RECORDED INFORMATION Block Start
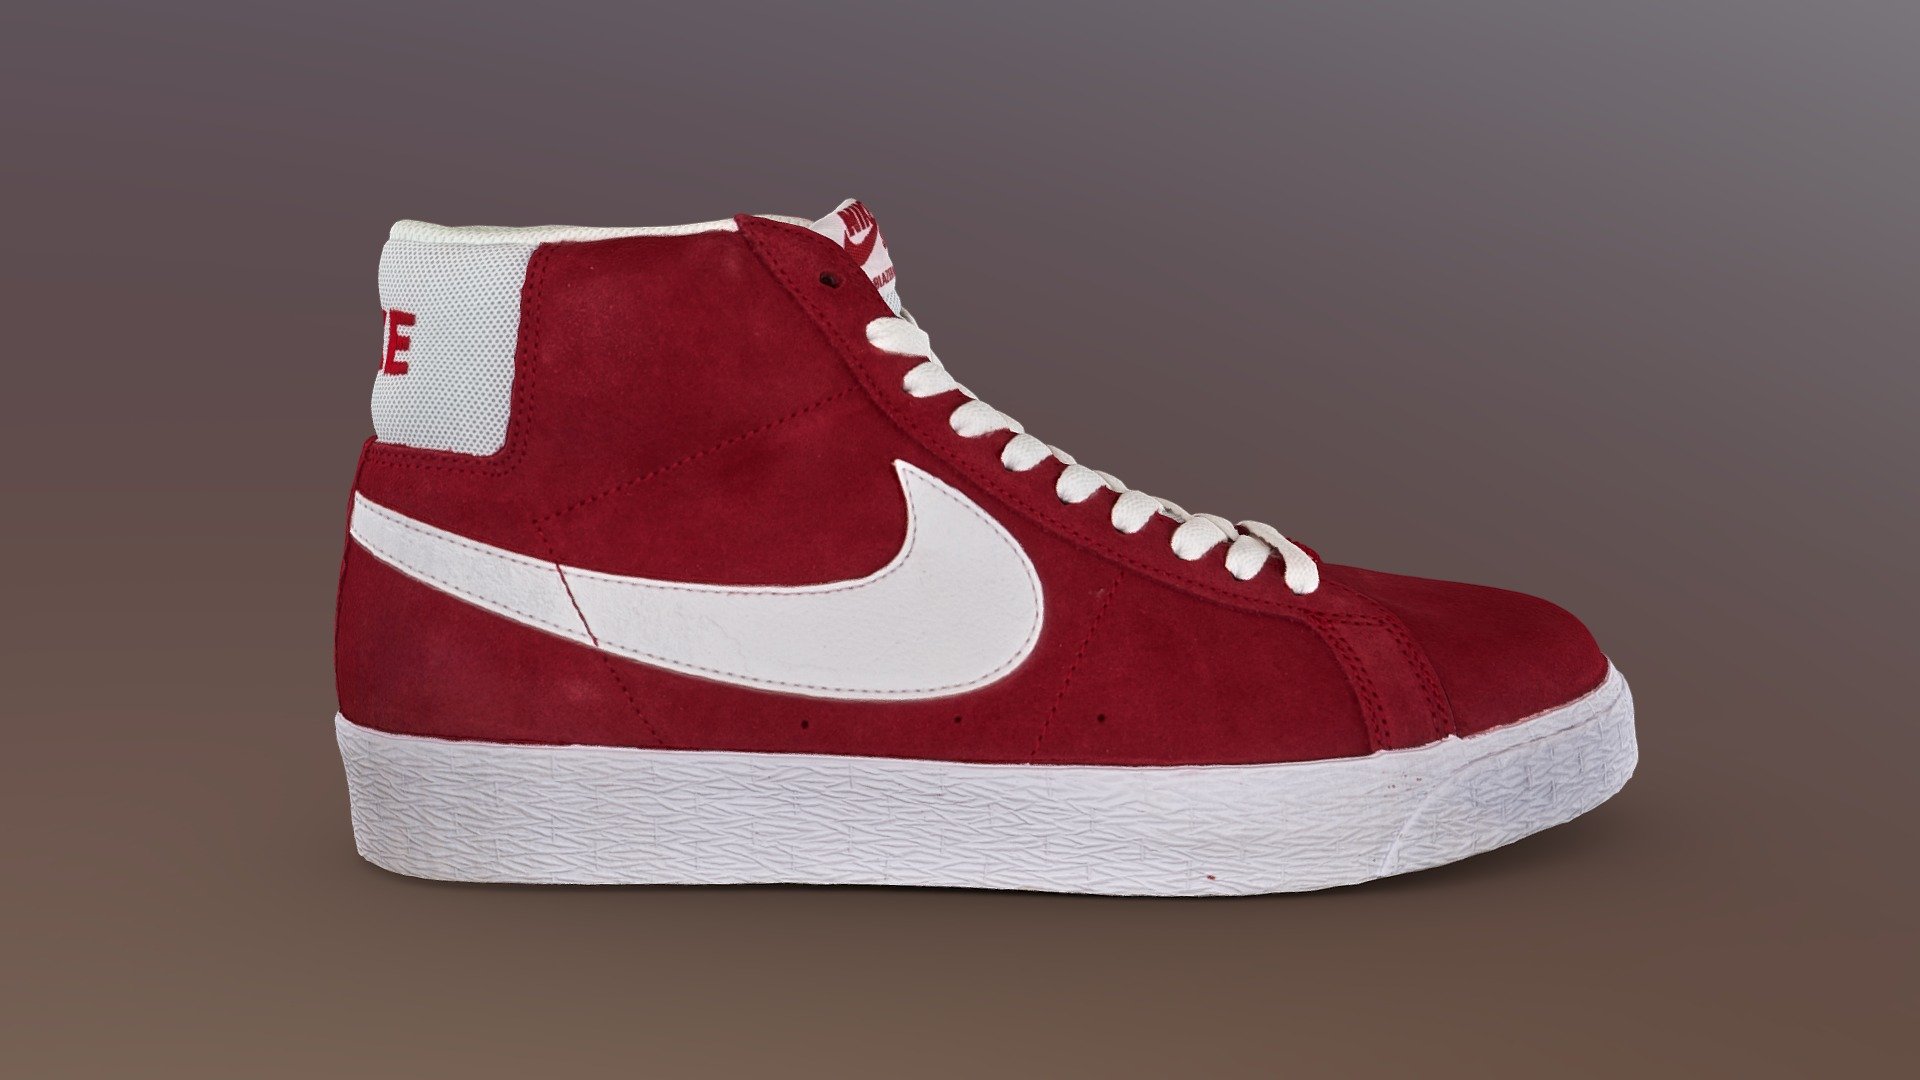 Single camera, turntable 3D-scanned skateboarding sneaker

Retopologized to efficient quads, UVs and re-projected texture

All textures are 8192x8192 pixels - Nike SB Zoom Blazer - Buy Royalty Free 3D model by omegadarling 3d model
RECORDED INFORMATION Block End
| WHAT TO DO |
An exact, picture-free copy of the listing above is the goal; write it out now.

| ANSWER FOR THE TASK |
 Single camera, turntable 3D-scanned skateboarding sneaker

Retopologized to efficient quads, UVs and re-projected texture

All textures are 8192x8192 pixels - Nike SB Zoom Blazer - Buy Royalty Free 3D model by omegadarling 3d model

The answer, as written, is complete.